Piyush Chawla at Adelaide Oval
Image via Wikipedia

The Indian cricket team laboured its way to a facile victory over the Netherlands at the Ferozeshah Kotla on the 9th of March, 2011. It was Ash Wednesday; the men in blue seemed to be aware of this. Indian fans had little to celebrate.

Though a quarter-final spot is now virtually assured, question-marks about India’s bowling attack persist.

It was expected that the pitches in this World Cup, especially the ones at home, would be batsman-friendly. That the very same dead pitches would draw the fangs of the Indian bowlers and render them venomless, even toothless, was probably not factored in by the Indian think-tank.

Zaheer Khan has lived up to his billing of being the leader of the pack. It was his shrewd bowling at the death against England that brought India back from the dead.He may not be the fittest bowler around -the paunch is a dead giveaway- yet he has the ability to mix it up and bowl in the right spots to the right batsman. His experience proved handy.

Munaf Patel is the little lost boy of Indian cricket. He has sacrificed pace for accuracy but, for some reason, has forgotten to garner wickets along the way. He is restrictive without ever being penetrative. Will someone in the dressing room take him aside and remind him that a fast bowler lives (and dies) to knock over those three pieces of timber?

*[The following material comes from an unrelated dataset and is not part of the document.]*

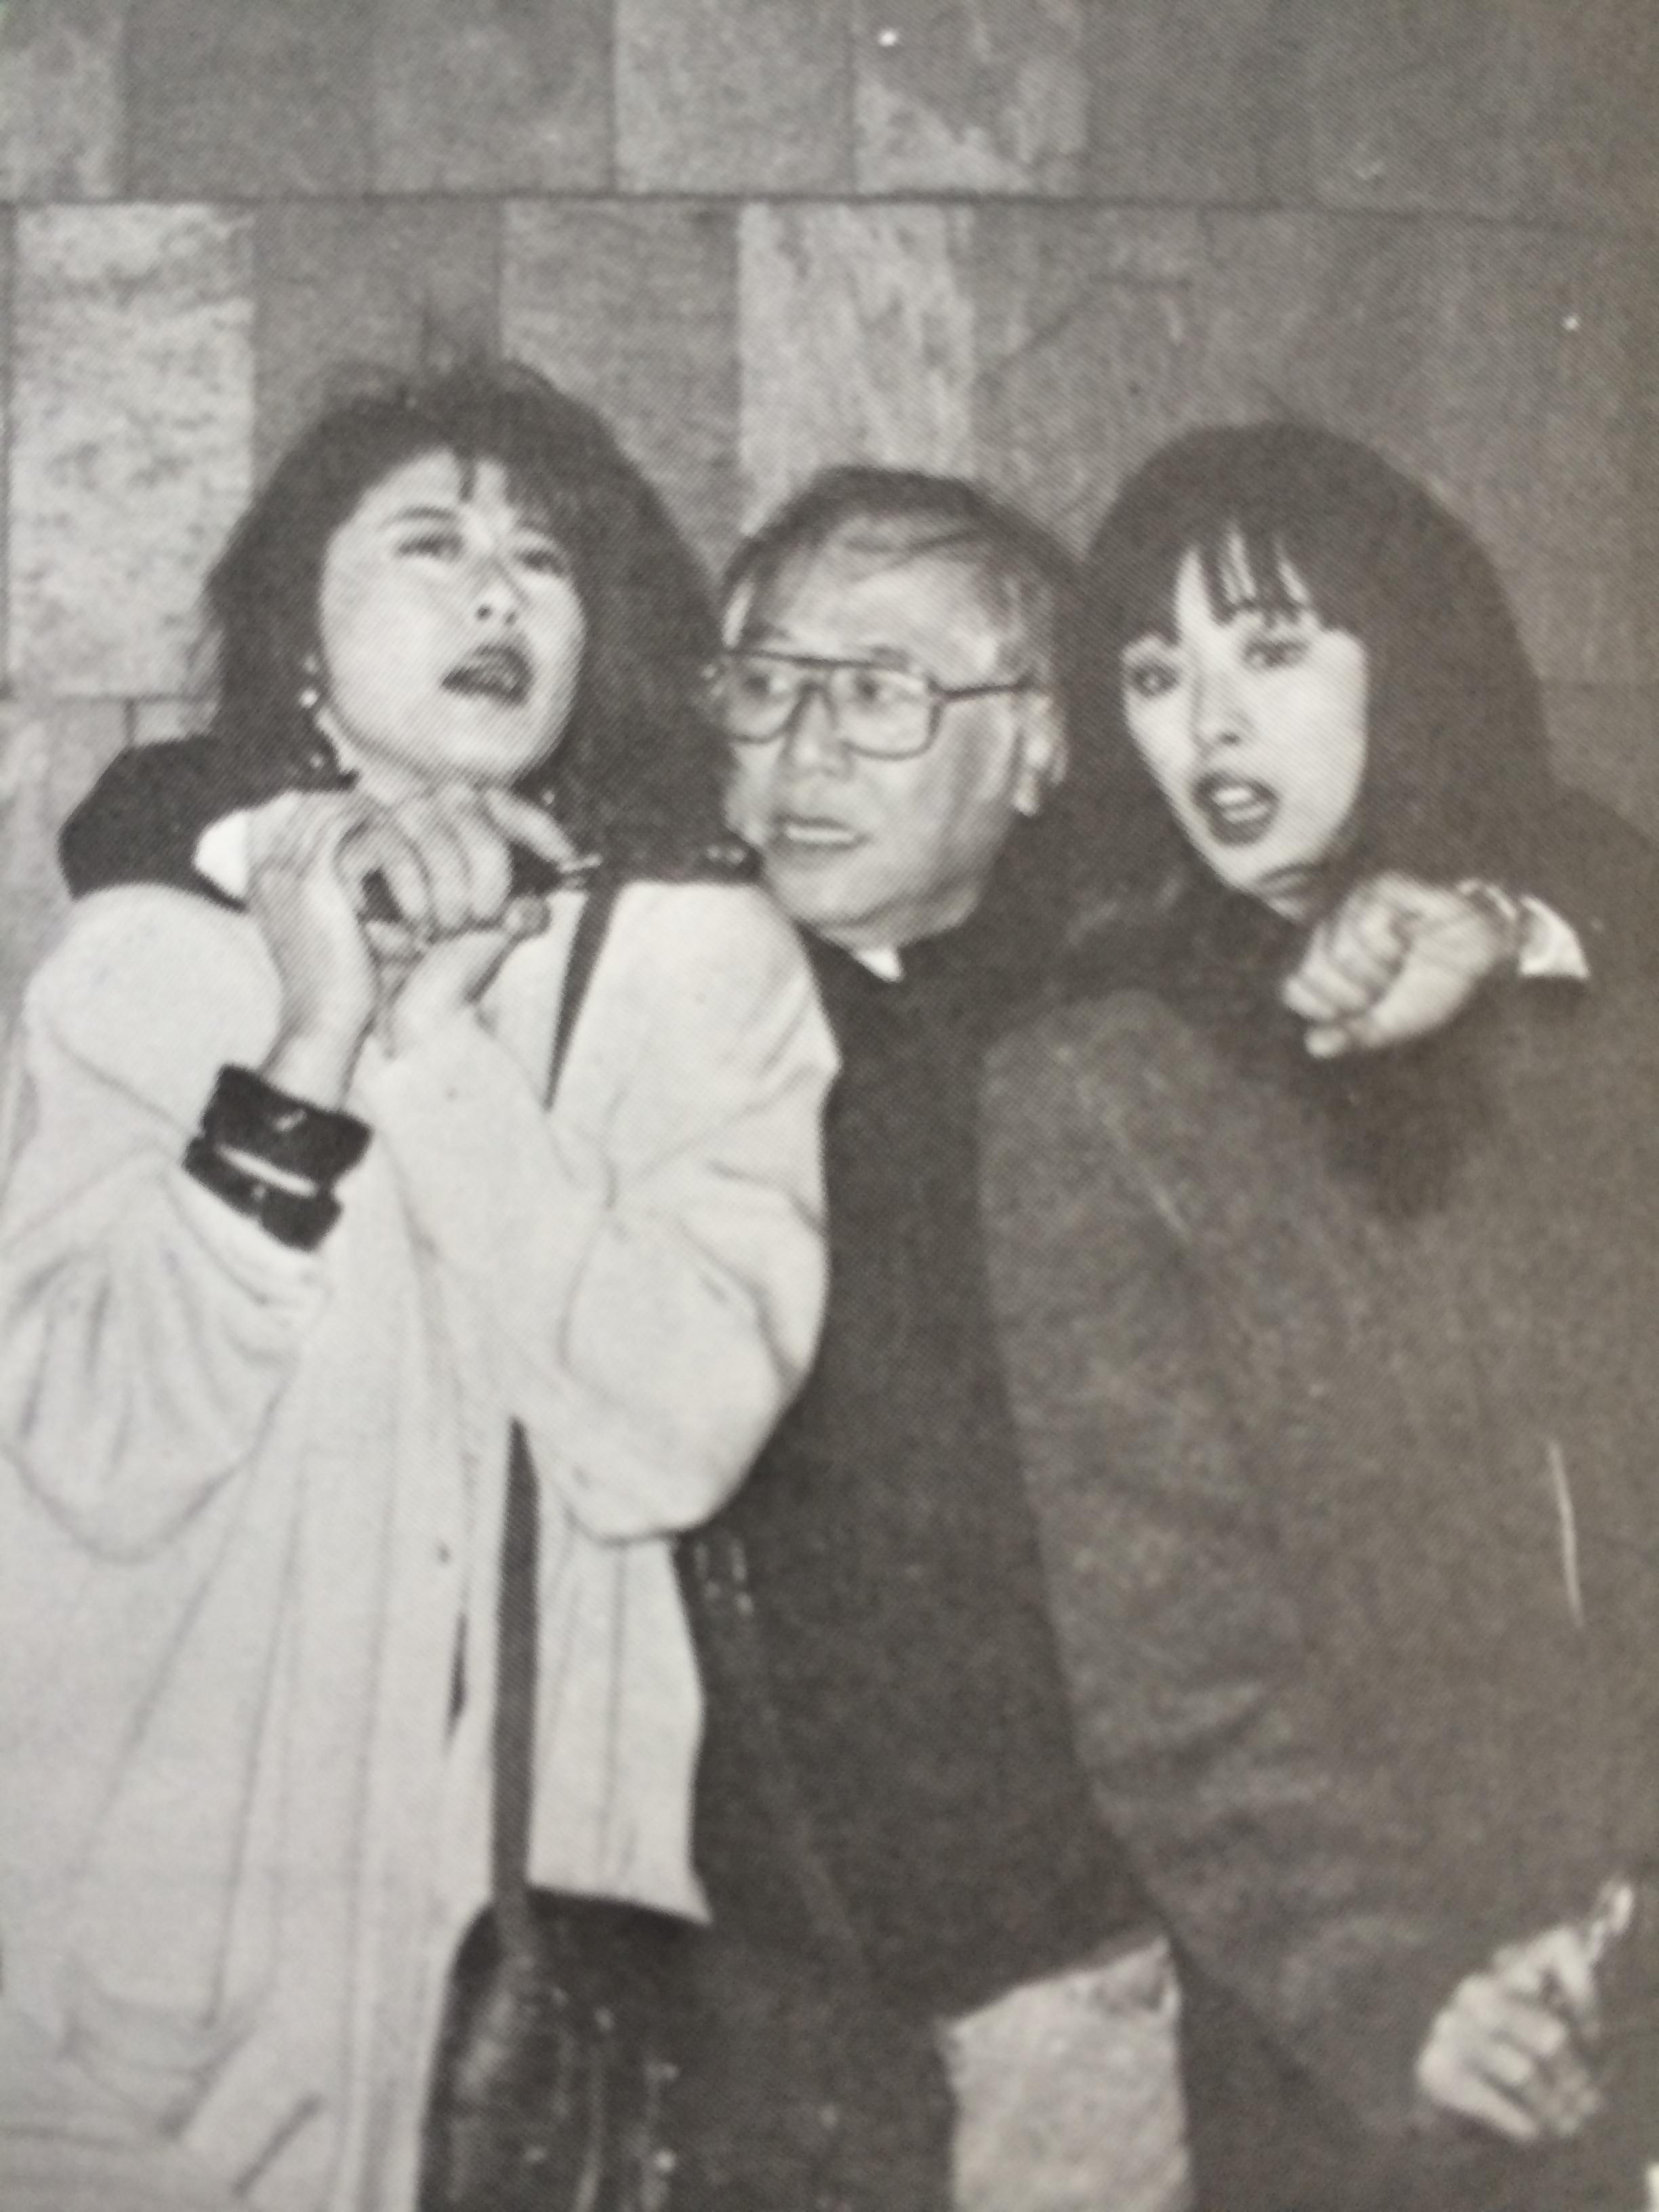 Joey Wang and Sally Yeh in Daai jeung foo yat gei (1988)

Shantakumar Sreesanth played one game and went for plenty. That was sufficient for MS Dhoni to make his displeasure known to all and sundry. He has not played another game since.

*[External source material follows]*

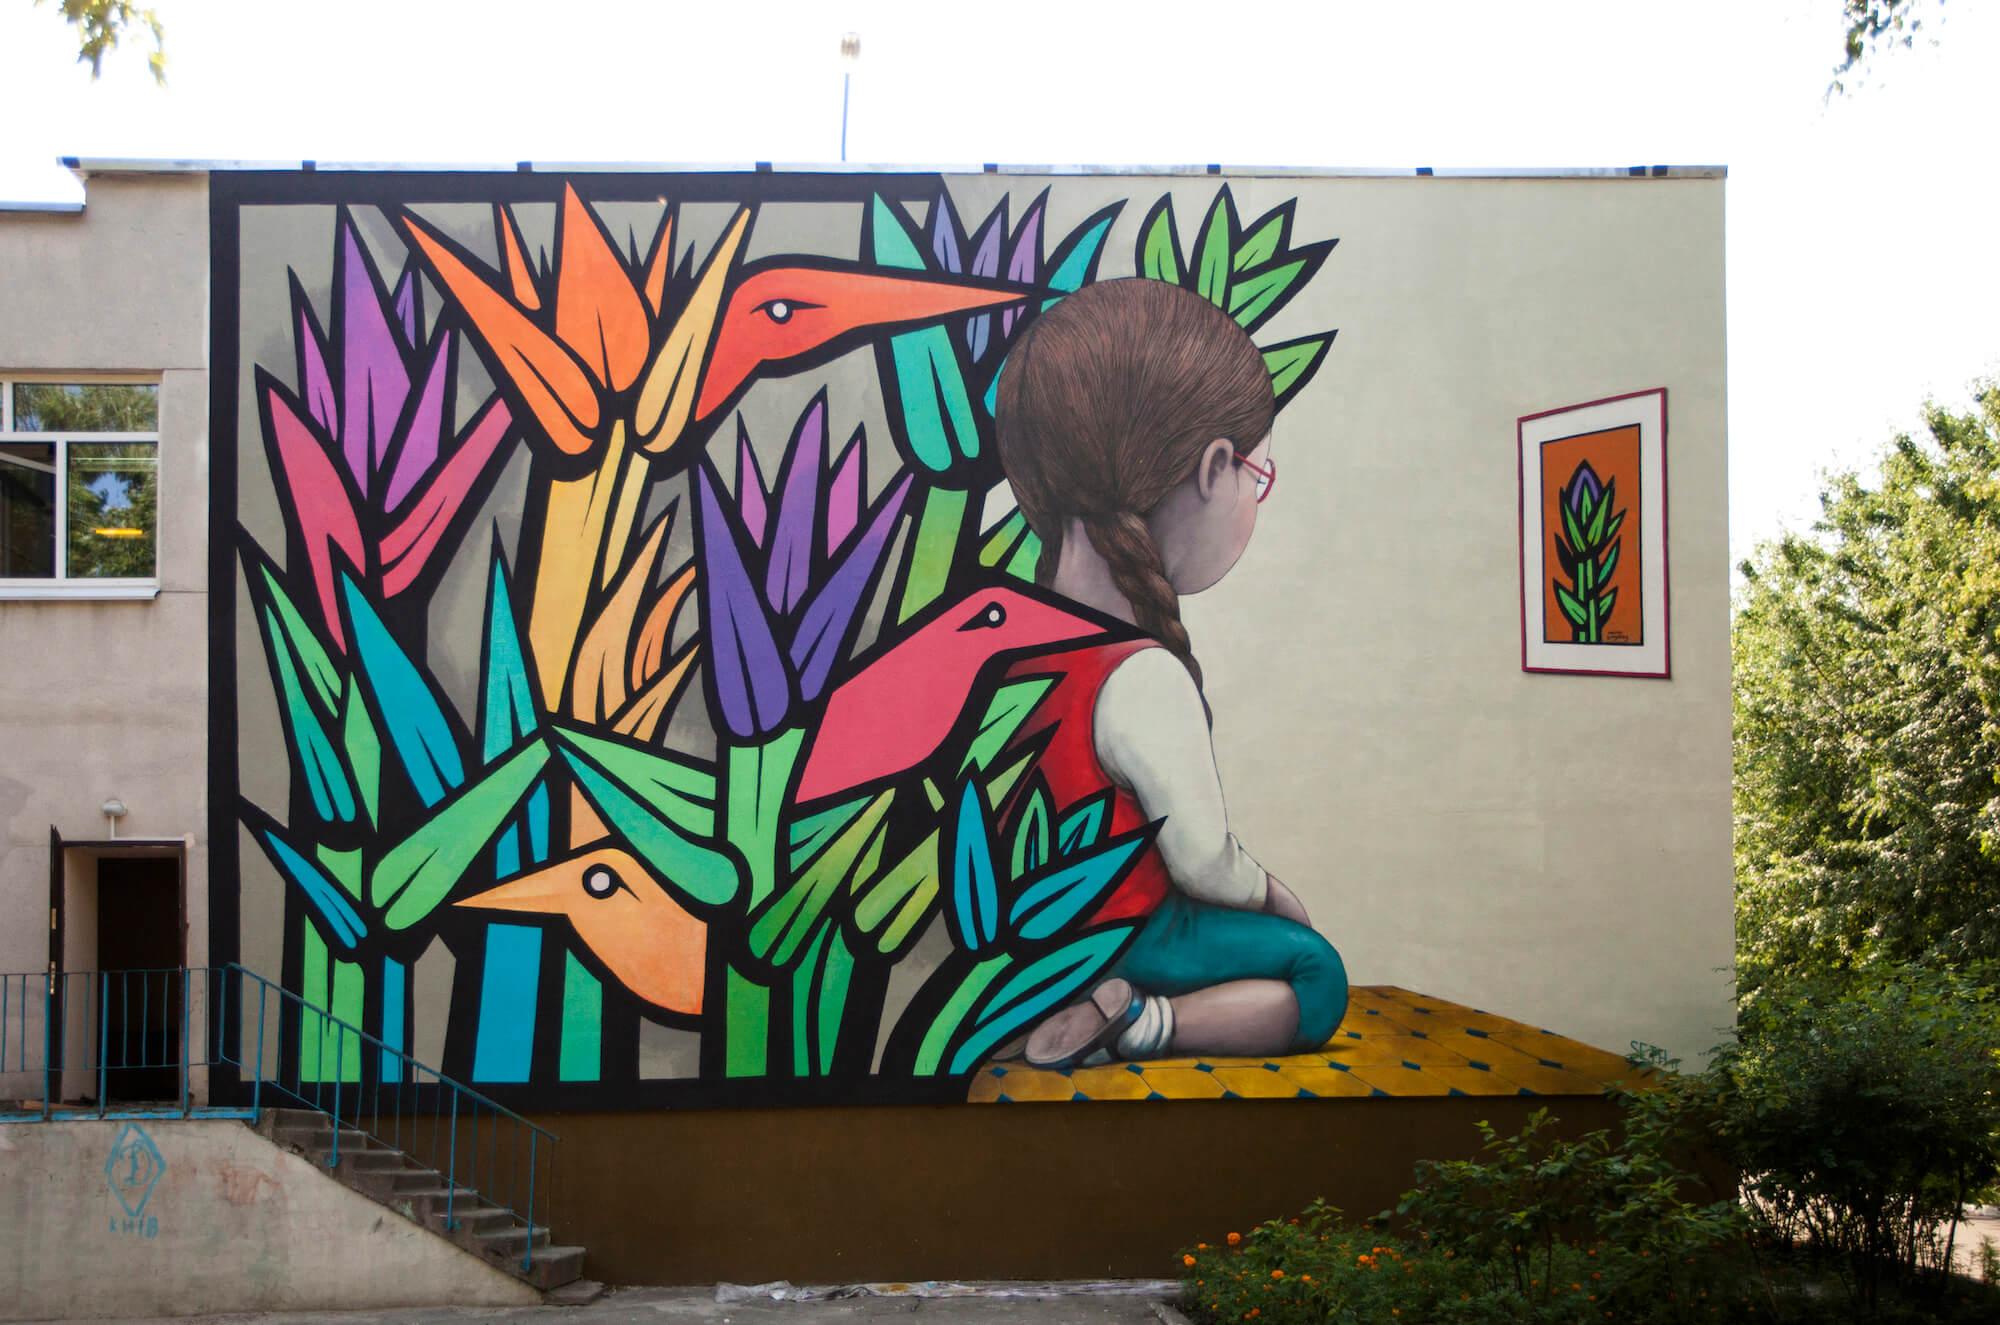 Audrey Hepburn Wall Mural Artist Jps Art T Street Art Artist And Street

That is not the way to handle a potential match-winner. Sure, the Kerala paceman leaks runs, a fact well-known and which ought to have been factored into calculations. The crucial breakthroughs the seamer can provide, like he did in South Africa,can and will make a difference.

For some reason, the temperamental bowler has been made aware that he was not in the original scheme of things and that the well-laid plans (of mice and men) have not altered since.

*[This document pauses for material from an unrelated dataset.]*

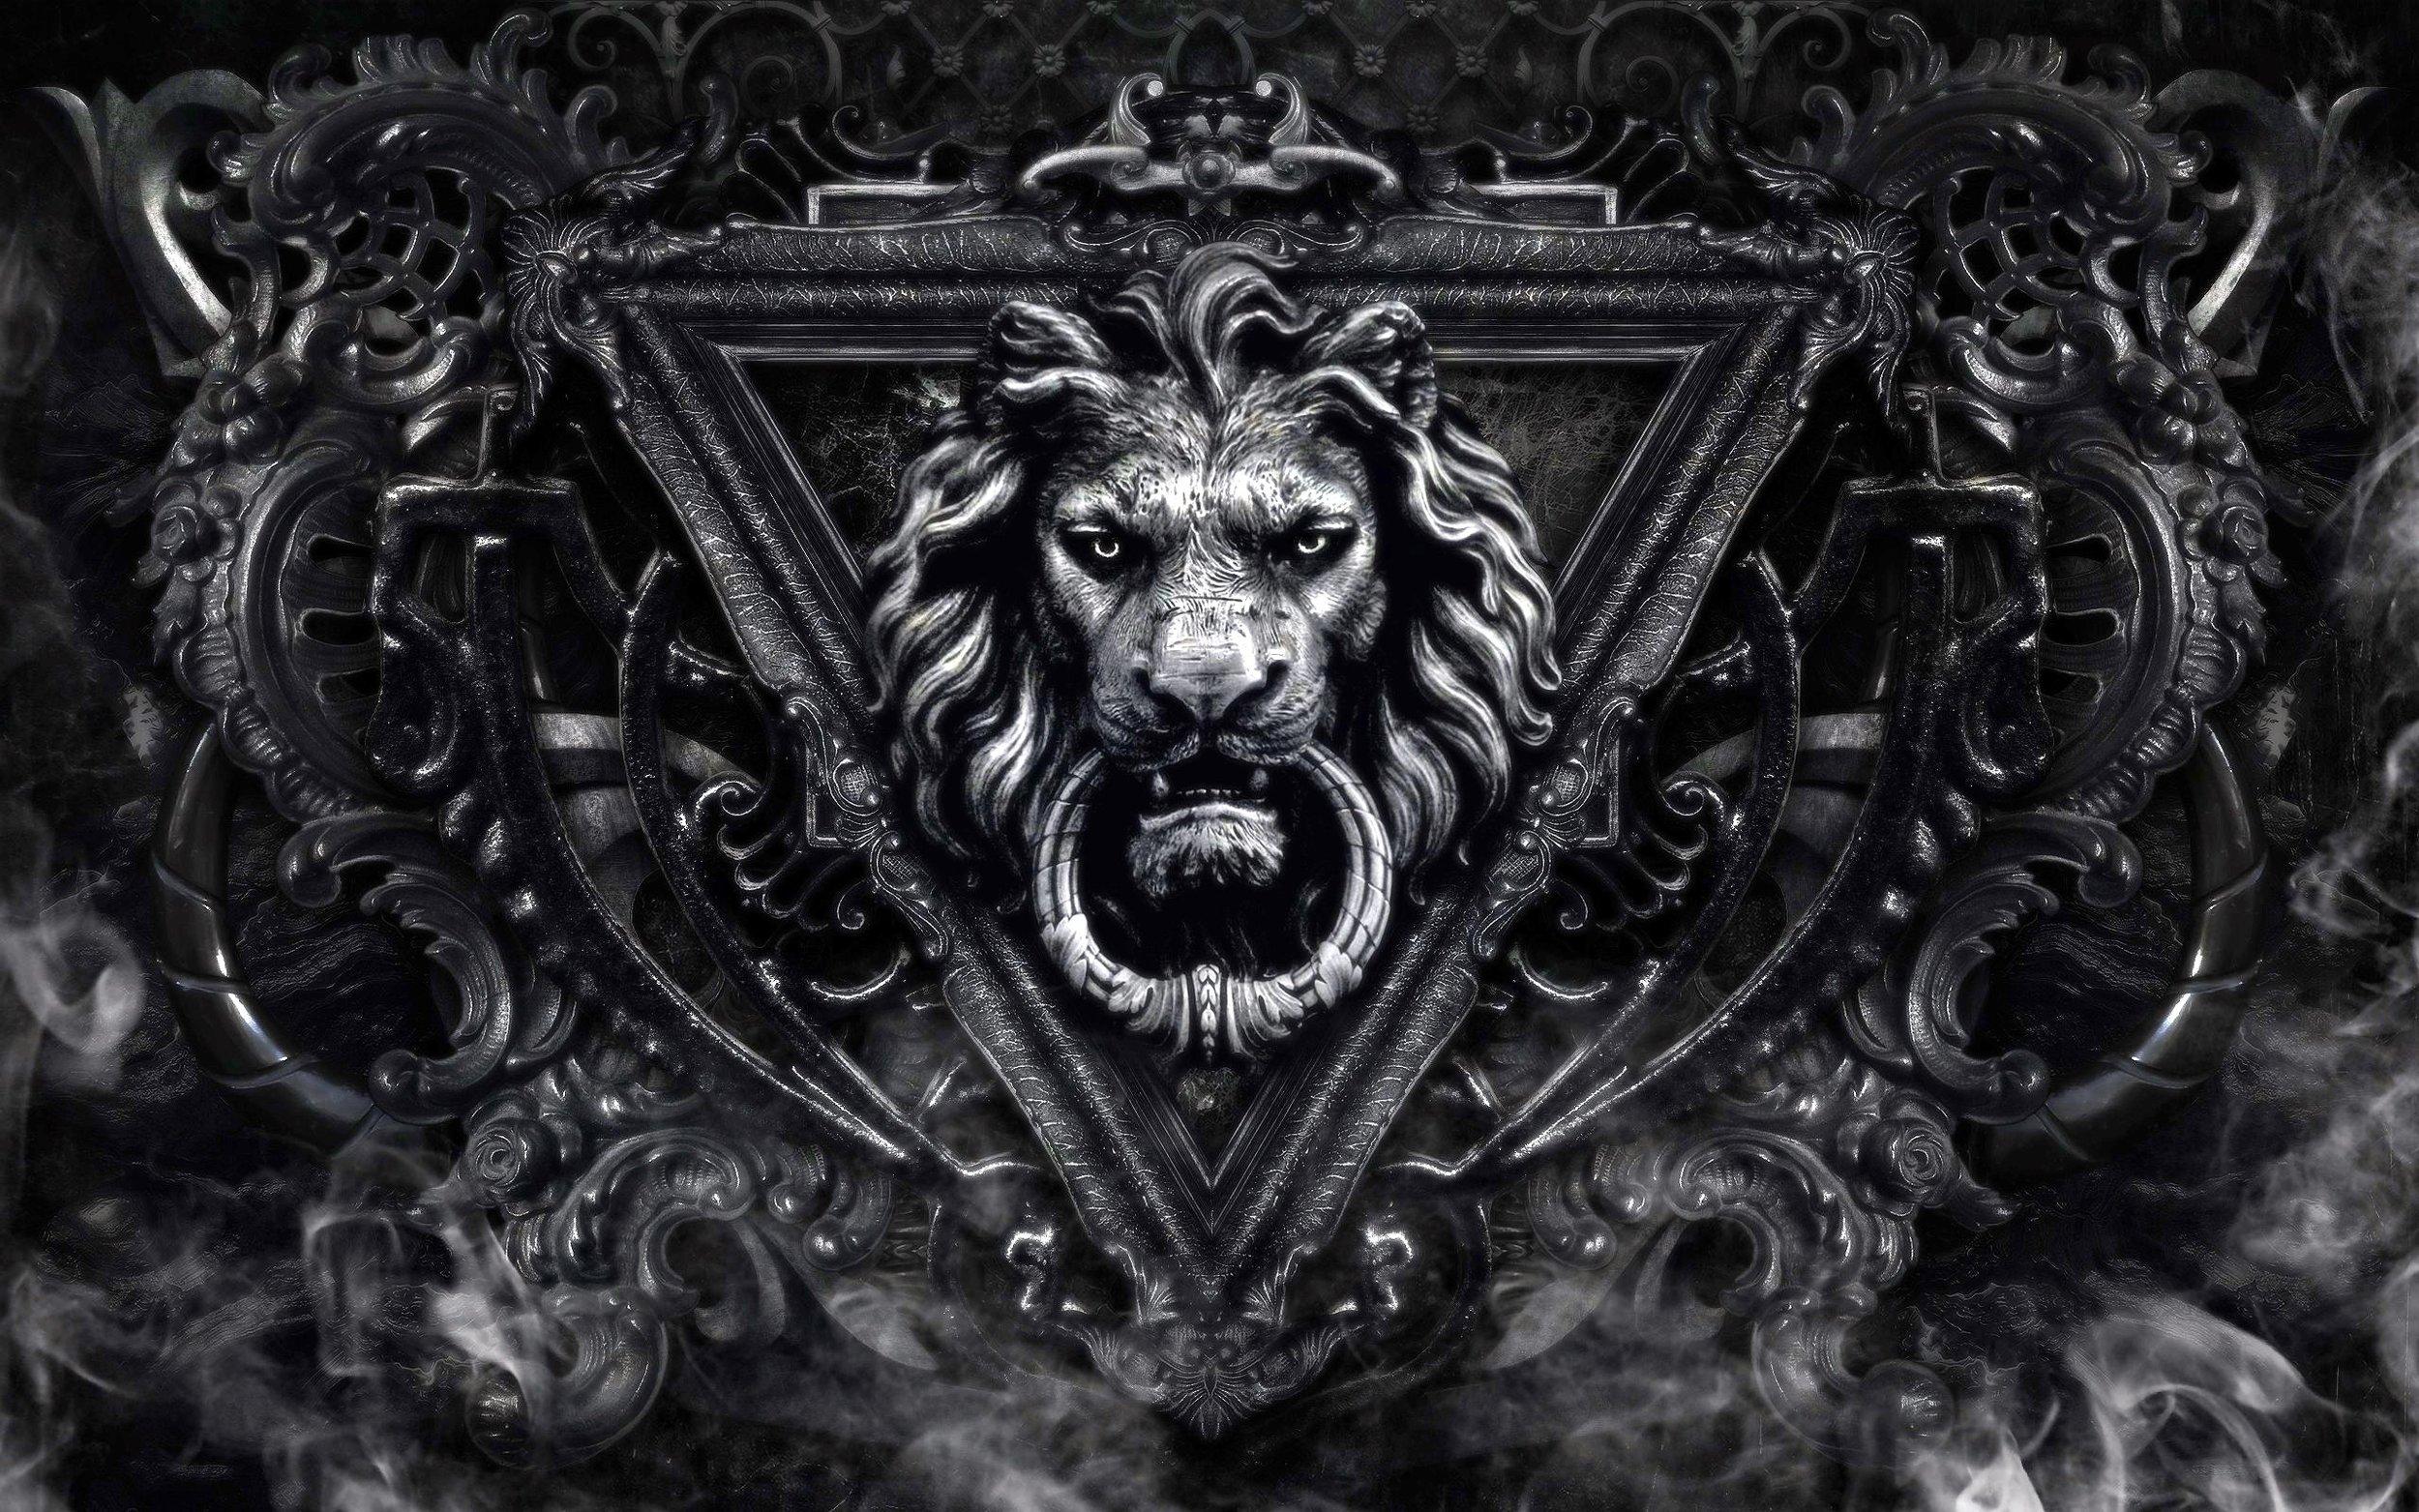 Lion-door-knocker-46074380.jpg

Piyush Chawla promised much in the warm-up game against the Kangaroos. His four wickets against Australia proved crucial. It has been an uphill struggle since. The UP leg-spinner is perceived as MS Dhoni’s blue-eyed boy- plucked out of the wilderness ahead of Delhi’s Amit Mishra.

The ploy of an attacking spinning option has worked for Pakistan and South Africa; Shahid Afridi and Imran Tahir are proof of the pudding.

Can Dhoni expect wickets from the tweaker when his stock ball is the off-spinner? He terms it the googly.

Can Chawla come good for the men in blue? Time and patience is running out.

R Ashwin is the other passenger in the side. Picked for his cool head and his affinity with Dhoni in the Chennai Super Kings, the off-break bowler has warmed the bench. The Indian skipper believes that Ashwin can come out firing on all cylinders, irrespective of little or no match practice. Let’s hope that he is proved right.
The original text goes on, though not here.